***** Source data *****

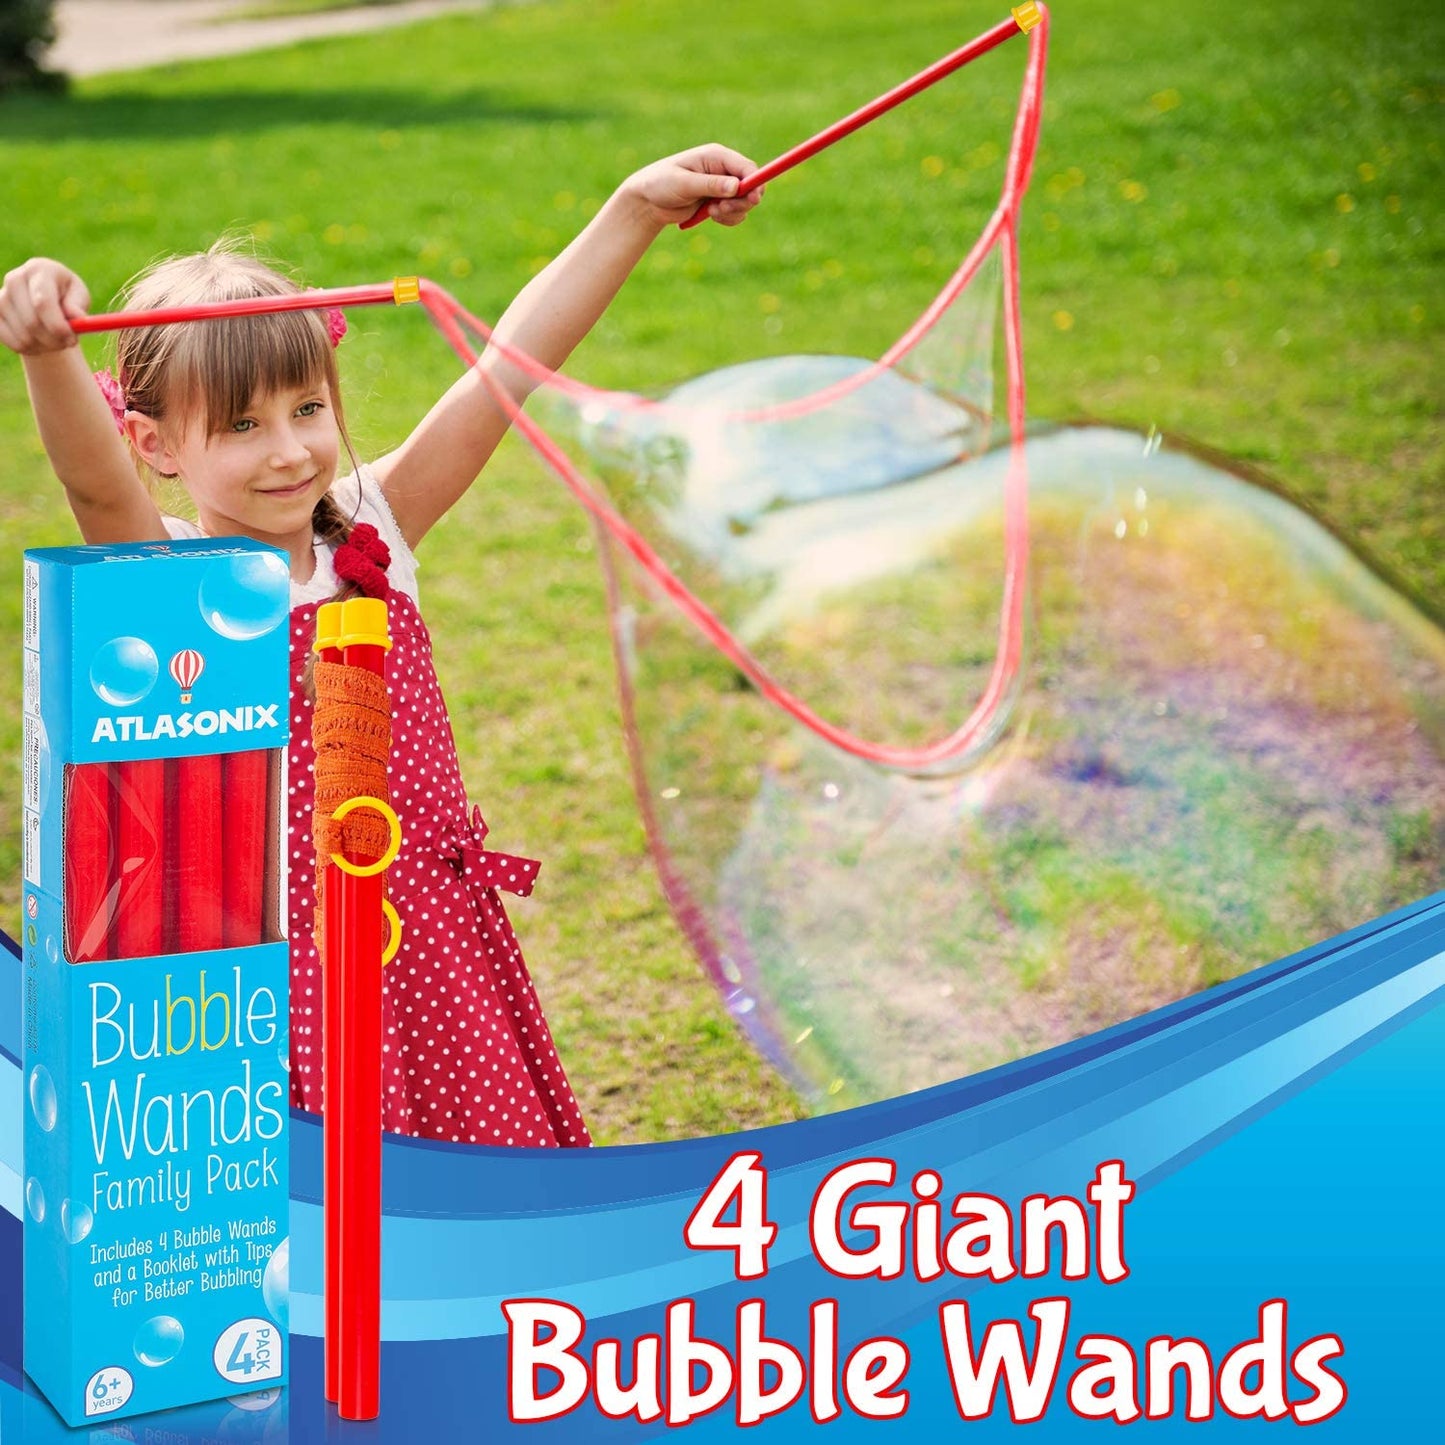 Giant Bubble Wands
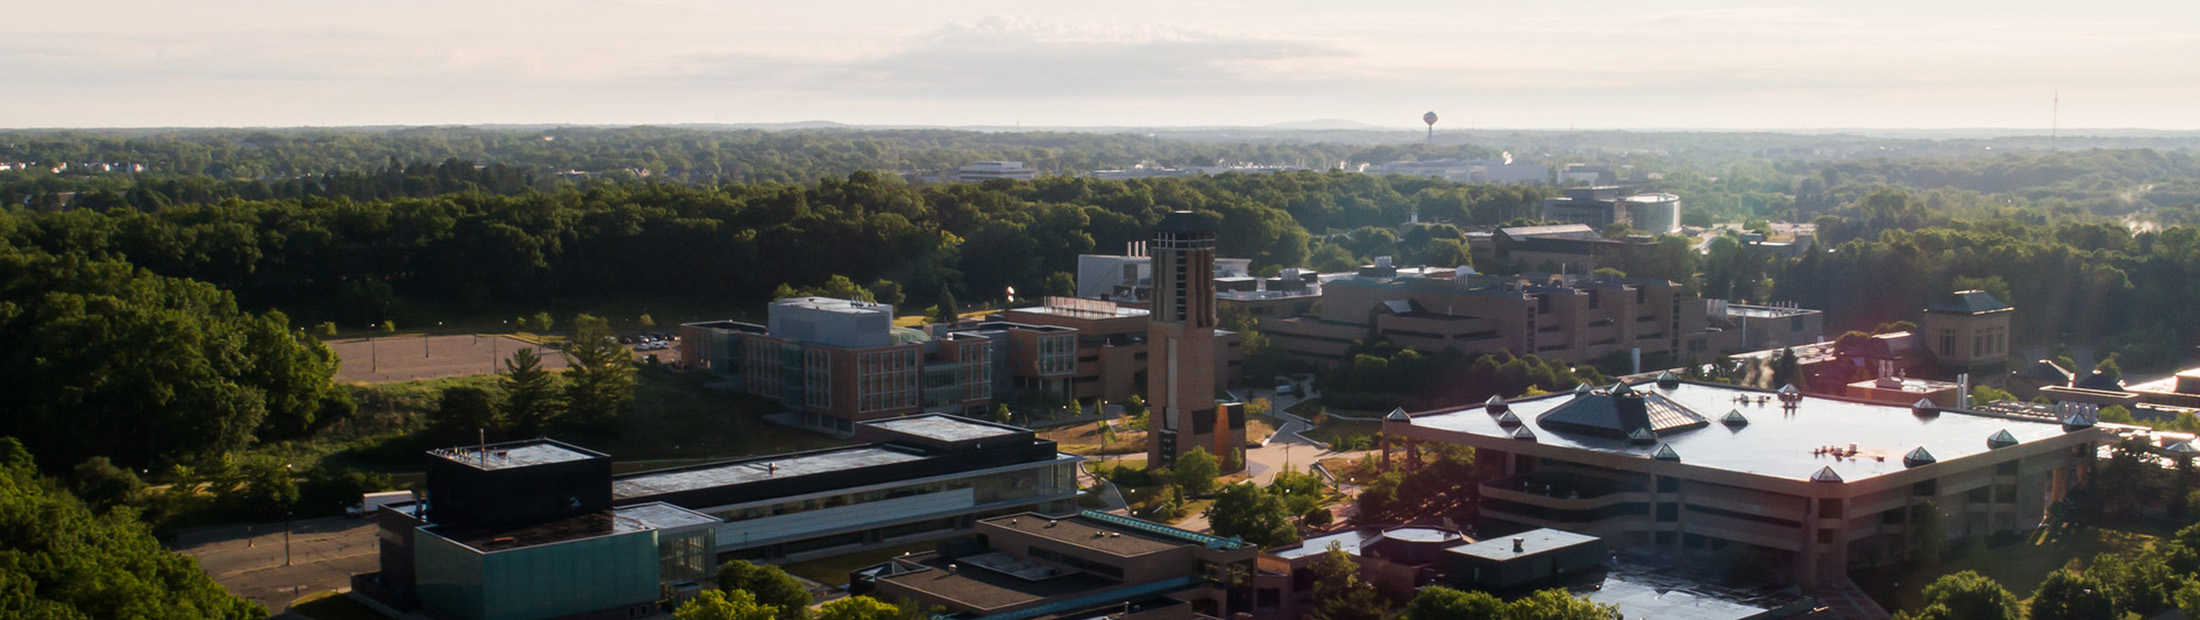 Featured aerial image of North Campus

*****
***** Source data *****

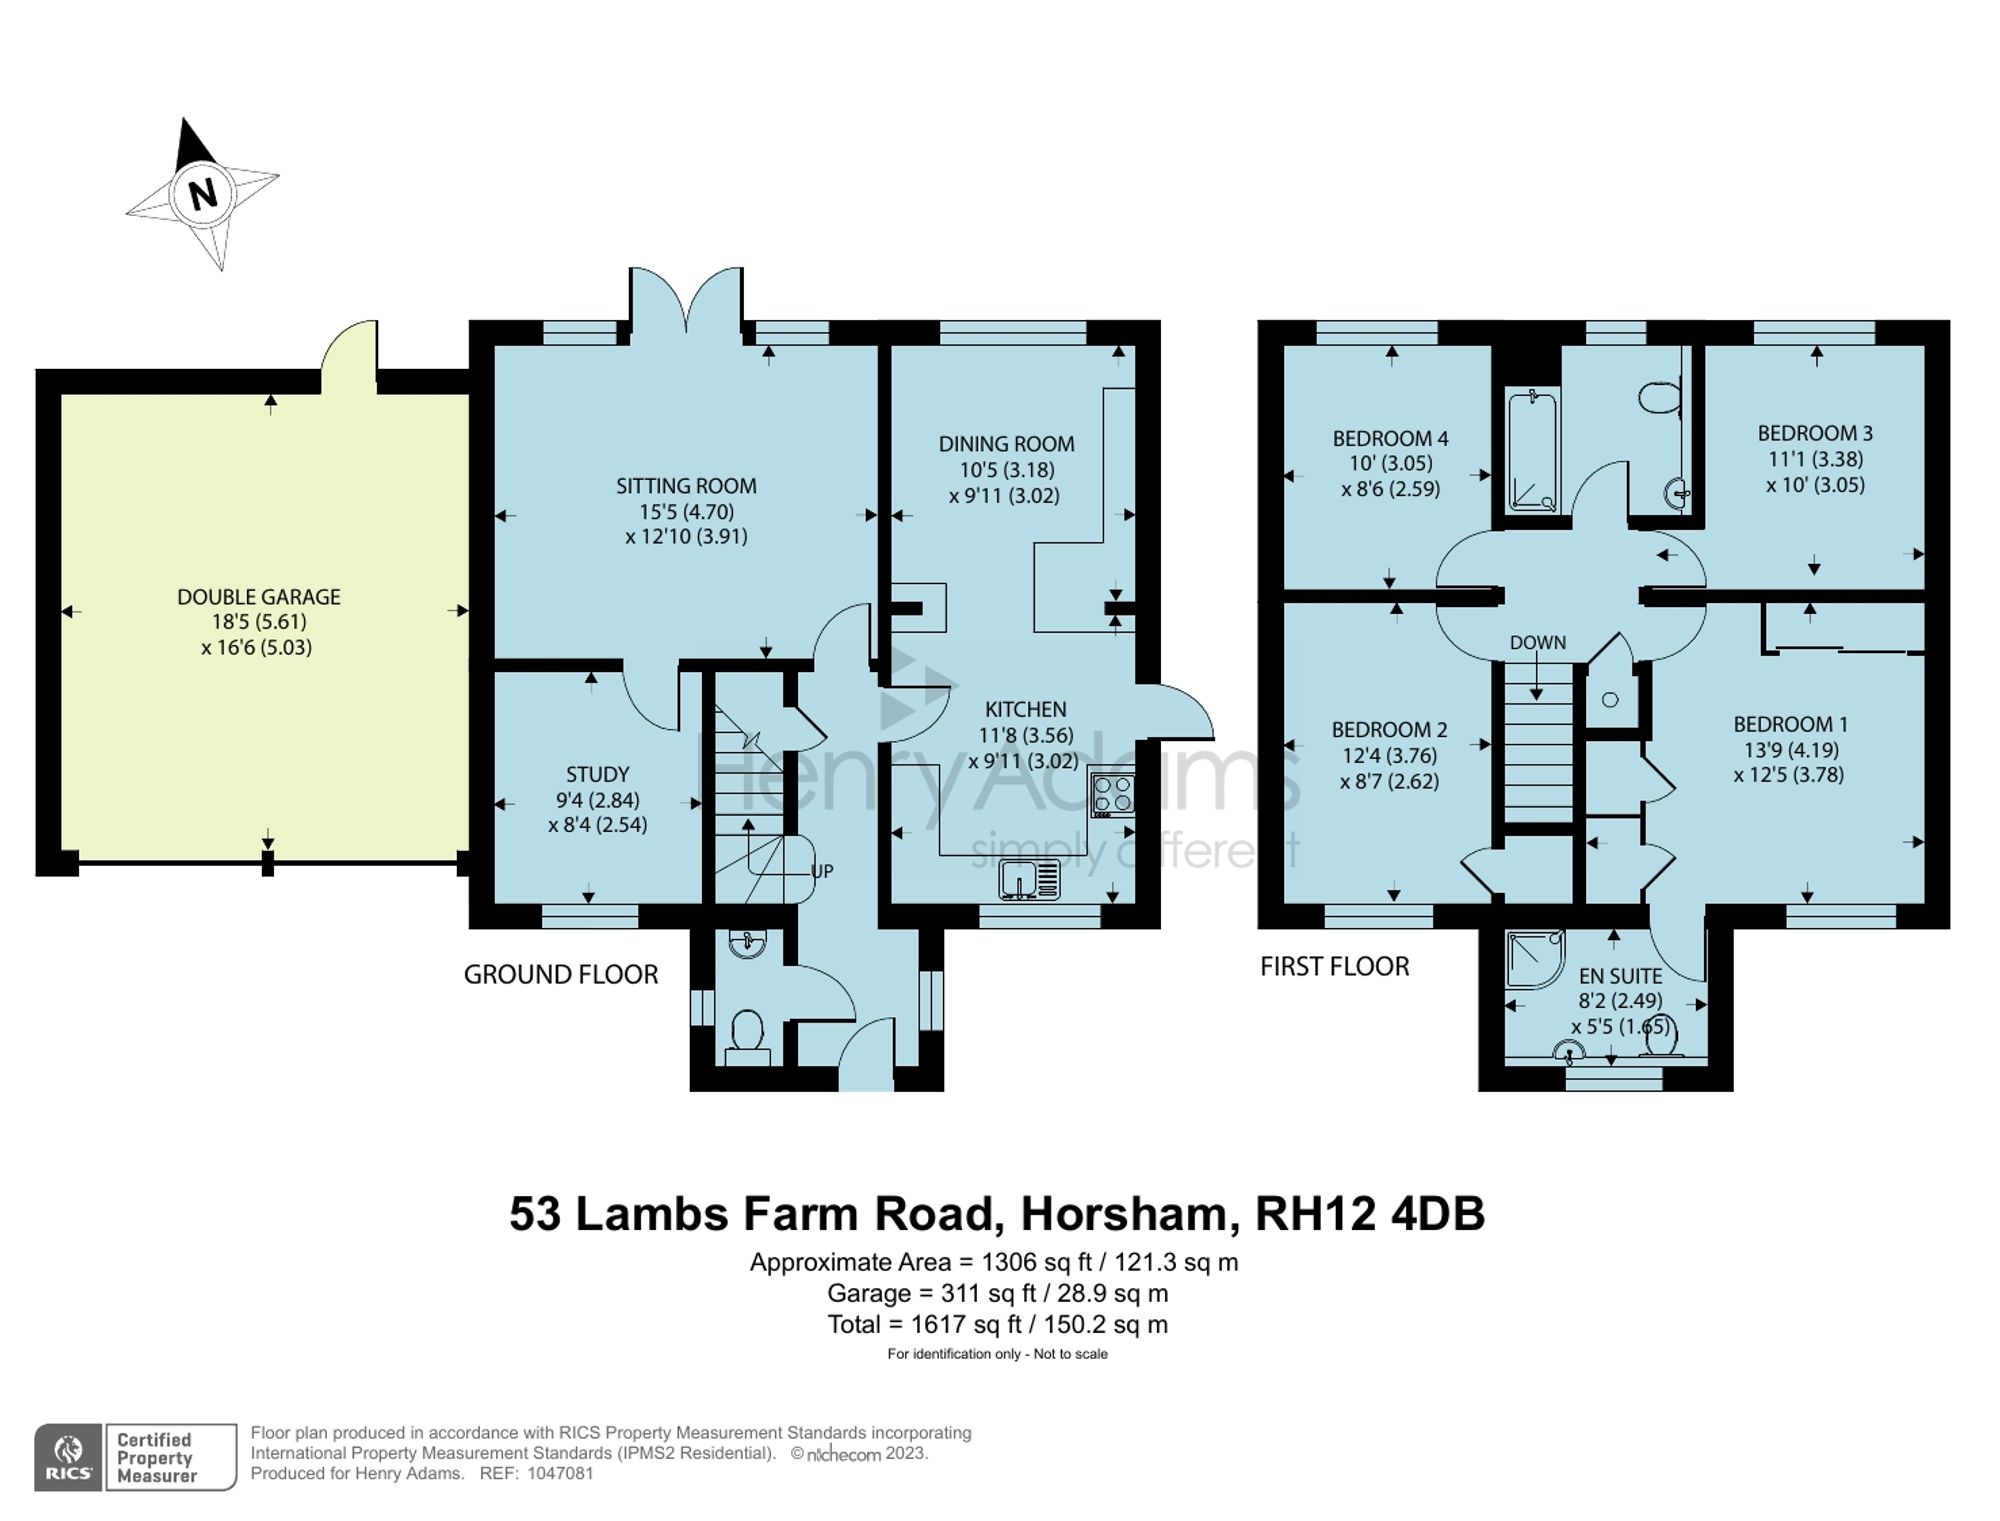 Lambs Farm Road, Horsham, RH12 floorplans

*****
***** Source data *****

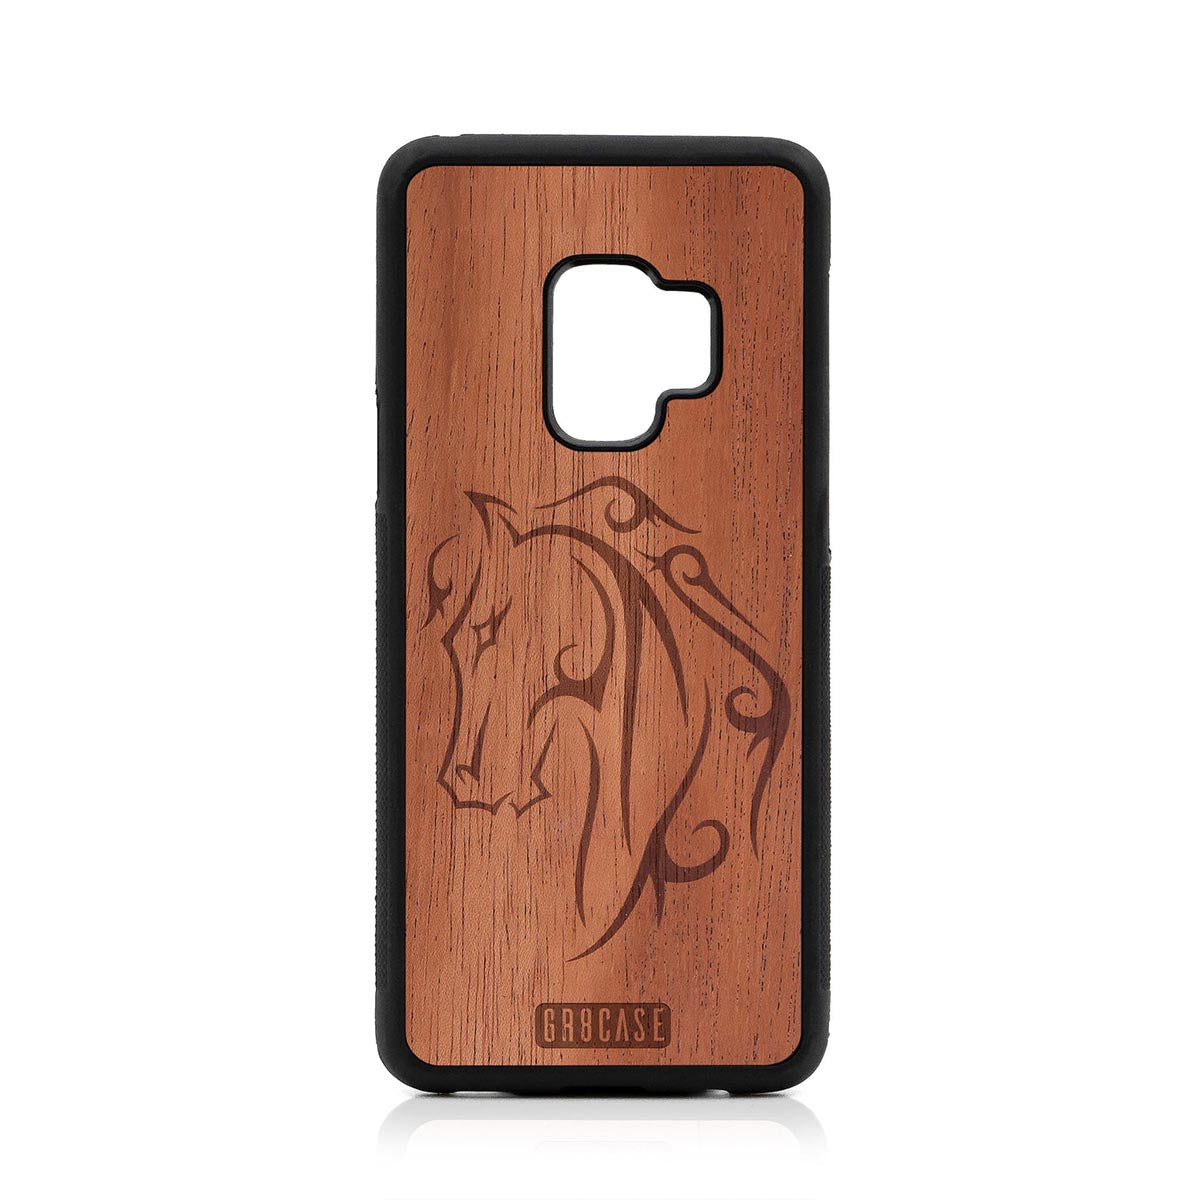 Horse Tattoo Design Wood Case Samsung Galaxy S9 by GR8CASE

*****

*Task goal*
An exact copy of the lines above from the one with "Giant Bubble Wands" up to and including the one with "Featured aerial image of North Campus" is required; reproduce only those lines, omitting all pictures.

*Response*
 Giant Bubble Wands
 Featured aerial image of North Campus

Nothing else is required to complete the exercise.